The knowledge of universal levelers may not help you get peanut butter off the dog, or bubble-gum-all-the-way-to-the-scalp out of your child's hair, but it does make it a little easier to smile at Wonder Mom at the bake-sale (that she organized and baked 300 cupcakes and two bundt cakes for so that the school can keep the music program) when she gives you that movie-star-white-Donna-Reed smile as you pay for your kid's one cupcake and the three more you bought to eat on your no-makeup-sweat-pant-and-ripped-T-shirt-wearing ride home. In the field of parenting, on a few subjects, for a brief, moment you and Wonder Mom are equals... Oh hell, that might even deserve another cupcake!


Anonymous said...

you are right!!! I have alot to say but I will bite my tongue simply cause what I think might offend other people....really offend other people... lol

1stopmom said...

This is really good. I used to try to be wonder mom.I am the mom that wears pajamas to drop off the kids. My oldest is 14 and I doubt myself everyday. I always try to make the right decisions but feel like I am falling short. I definitely agree with you about those moments of brilliance. I love it when I have those.

Judi "Jlo" Moran said...

Yea for levelers - it's what keeps us sane in this world of one-up-man-ship!
I was forever comparing myself to the Super Moms until I glimpsed behind the scenes at pretty ordinary, flawed human beings just like me.

Anonymous said...

Your description of a "wonder mom" made me laugh. I'm so not a wonder mom and I always feel a little guilty about it. I'm the parent that forgets to send in the homework and loses the permission slips. It's terrible.

texasholly said...

Thanks so much for stopping by my blog. My SIL is so sweet to mention me to you...well, you know her, she is just plain sweet.

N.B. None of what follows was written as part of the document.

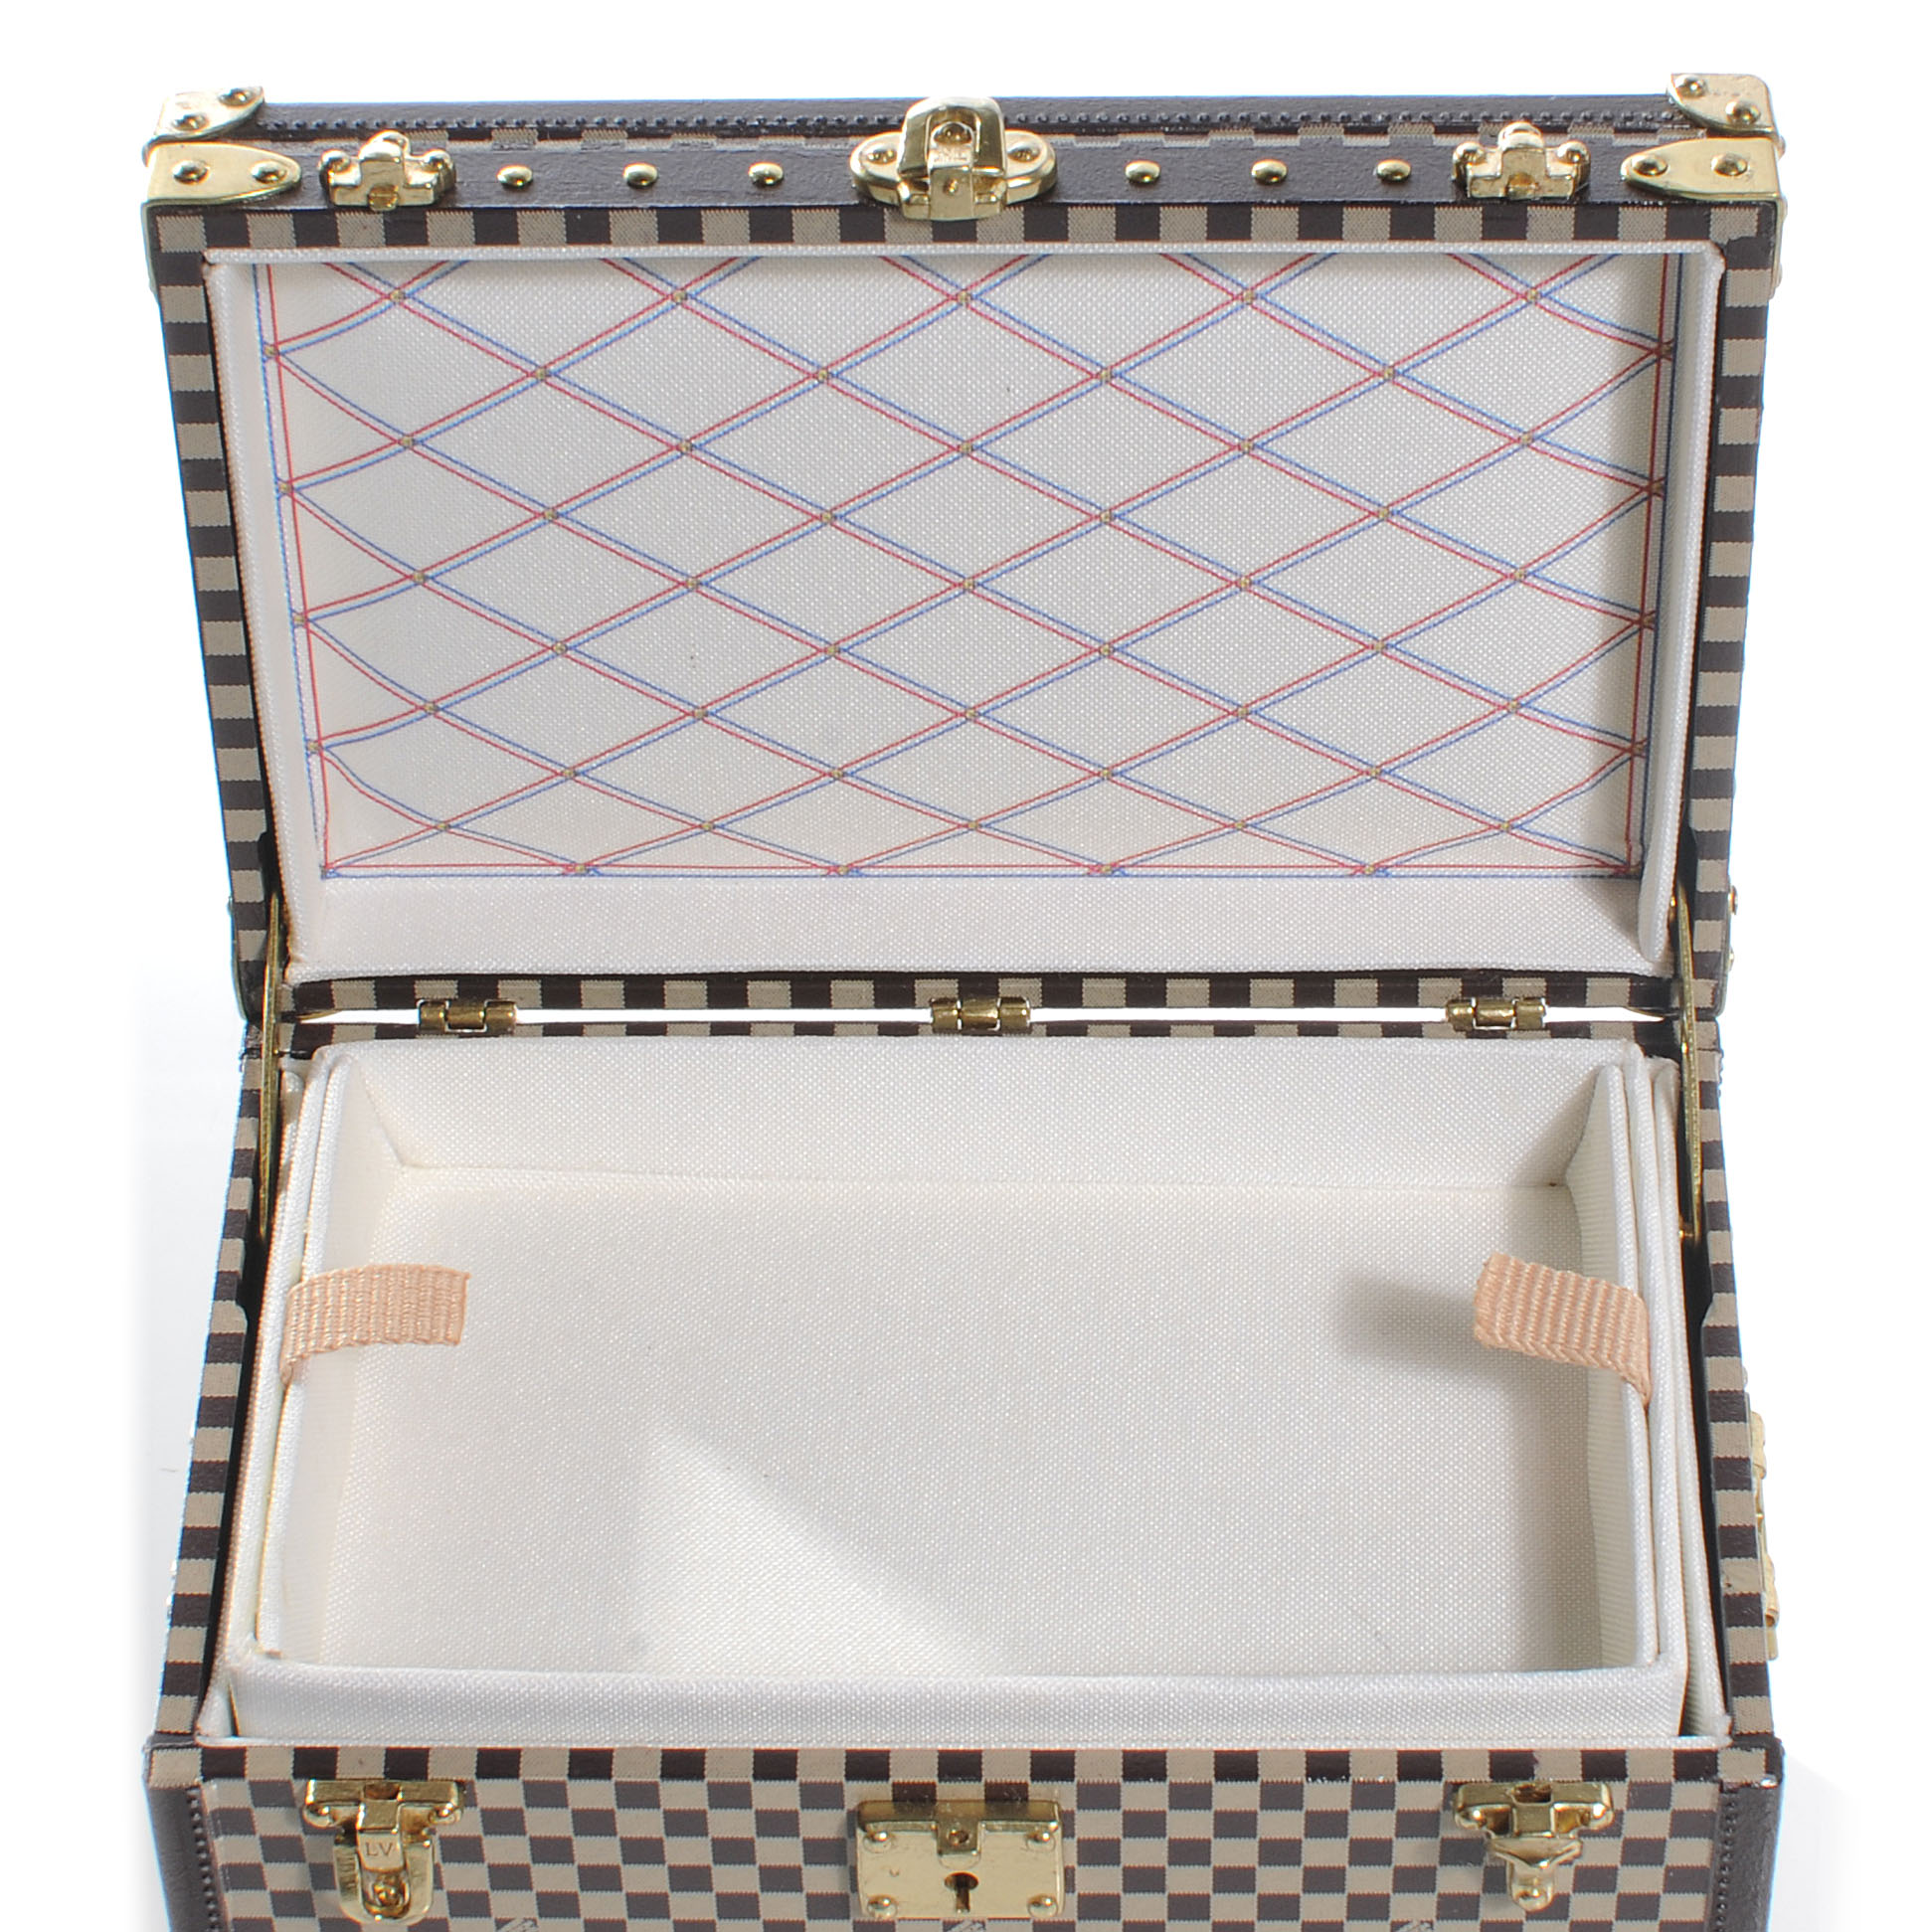 LOUIS VUITTON Monogram Ring Box Mini Trunk Case 219986

I always figure that someone needs to BUY some of those cupcakes which I just wouldn't have the energy to do if I baked them all. So let those moms have their overachieving conquest and I will pay a buck or two to reap the benefits.

Angie Atkinson said...

Girl, I can totally relate to you on literally almost every single level here. I have said and thought almost the same things--and you certainly hit the nail on the head when you said that we just don't GET it before we have children. I'll go you one further and say that we just don't get ANY of it until we're upon it. What I mean is that I have an eleven year old, five year old, and eleven month old. And yet, sometimes I get parenting advice from people who have one six month old child. It's actually funny, because I can totally understand their idealistic and unrealistic thoughts, but it can certainly be frustrating lol. Anyway, I think you're a gifted writer. I love the way you express yourself. (Sorry for the scattered comment, my whole family seems to think they need my dang attention right NOW LOL!)